TASK DIRECTIONS: In the data below, find the line containing "2048x1152 gamer wallpaper" and the line containing "Versace Handbag VERSACE Woman colour Black", then reproduce them and every line between, exactly. Omit pictures.

PROVIDED DATA:
======

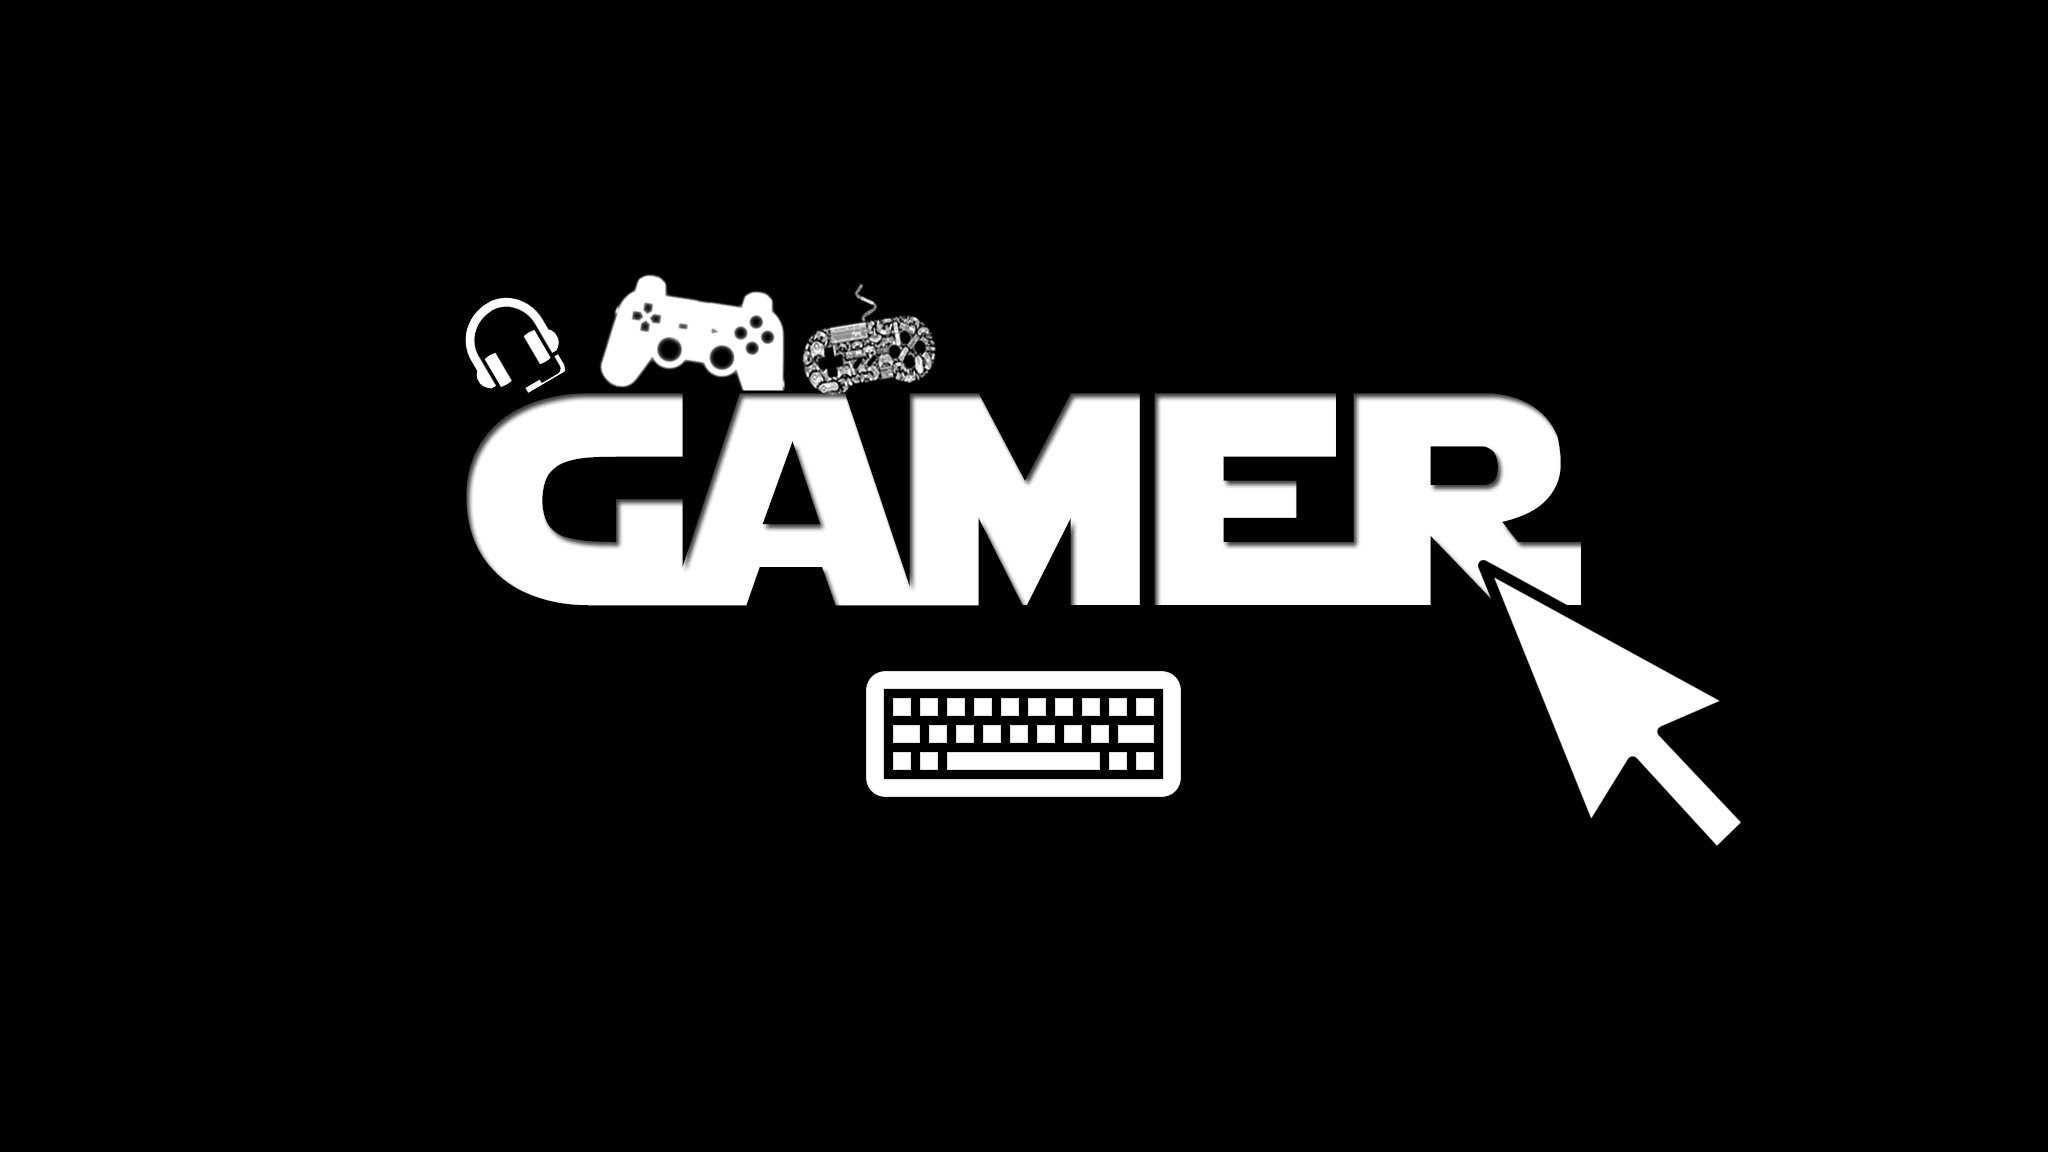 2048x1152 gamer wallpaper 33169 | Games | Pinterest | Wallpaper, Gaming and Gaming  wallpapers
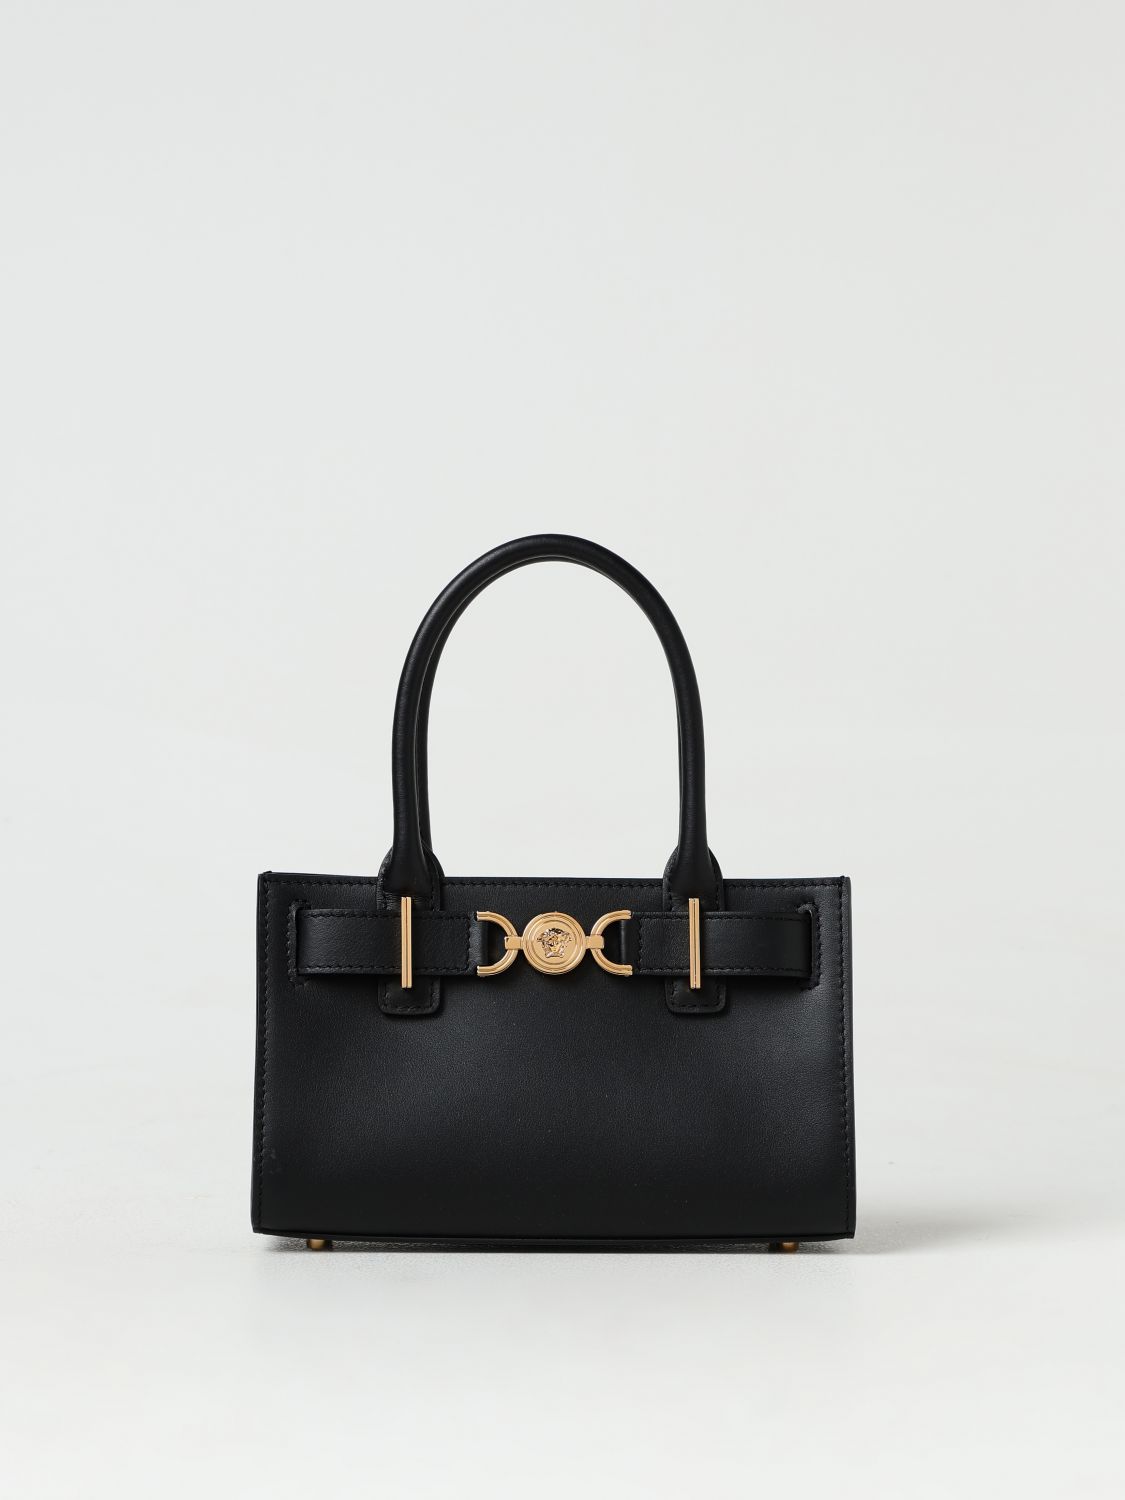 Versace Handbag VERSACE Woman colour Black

======

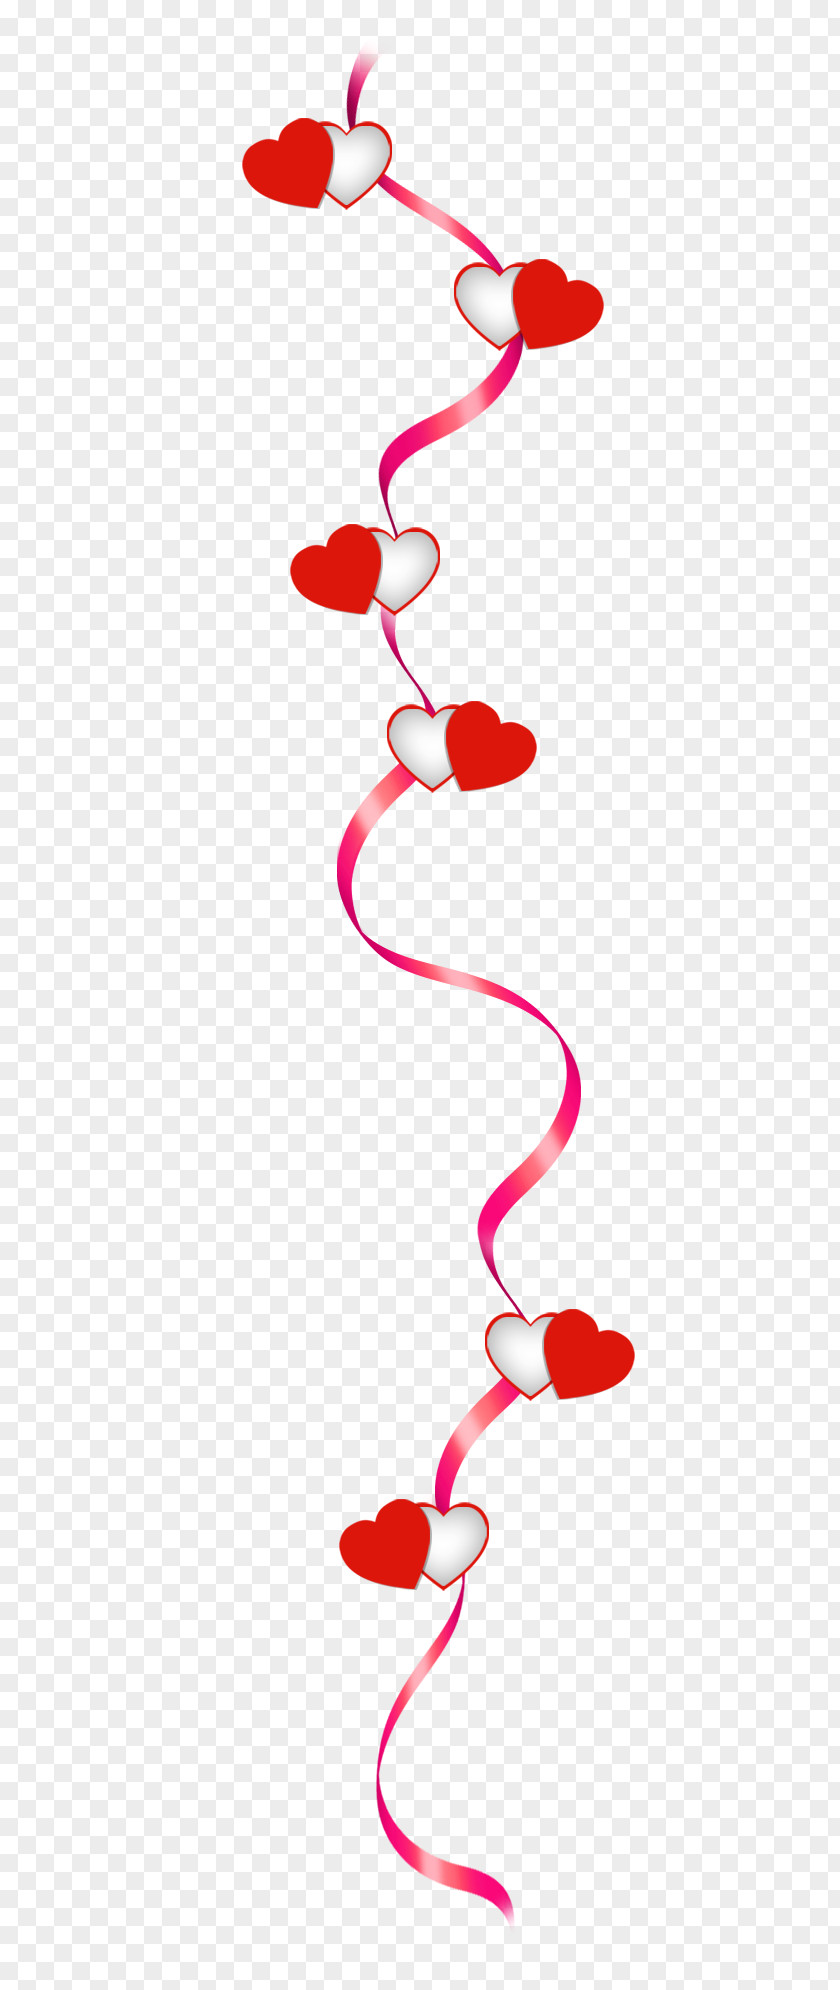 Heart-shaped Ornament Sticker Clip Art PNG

======

RESULT OF THIS EXERCISE:
 2048x1152 gamer wallpaper 33169 | Games | Pinterest | Wallpaper, Gaming and Gaming  wallpapers
 Versace Handbag VERSACE Woman colour Black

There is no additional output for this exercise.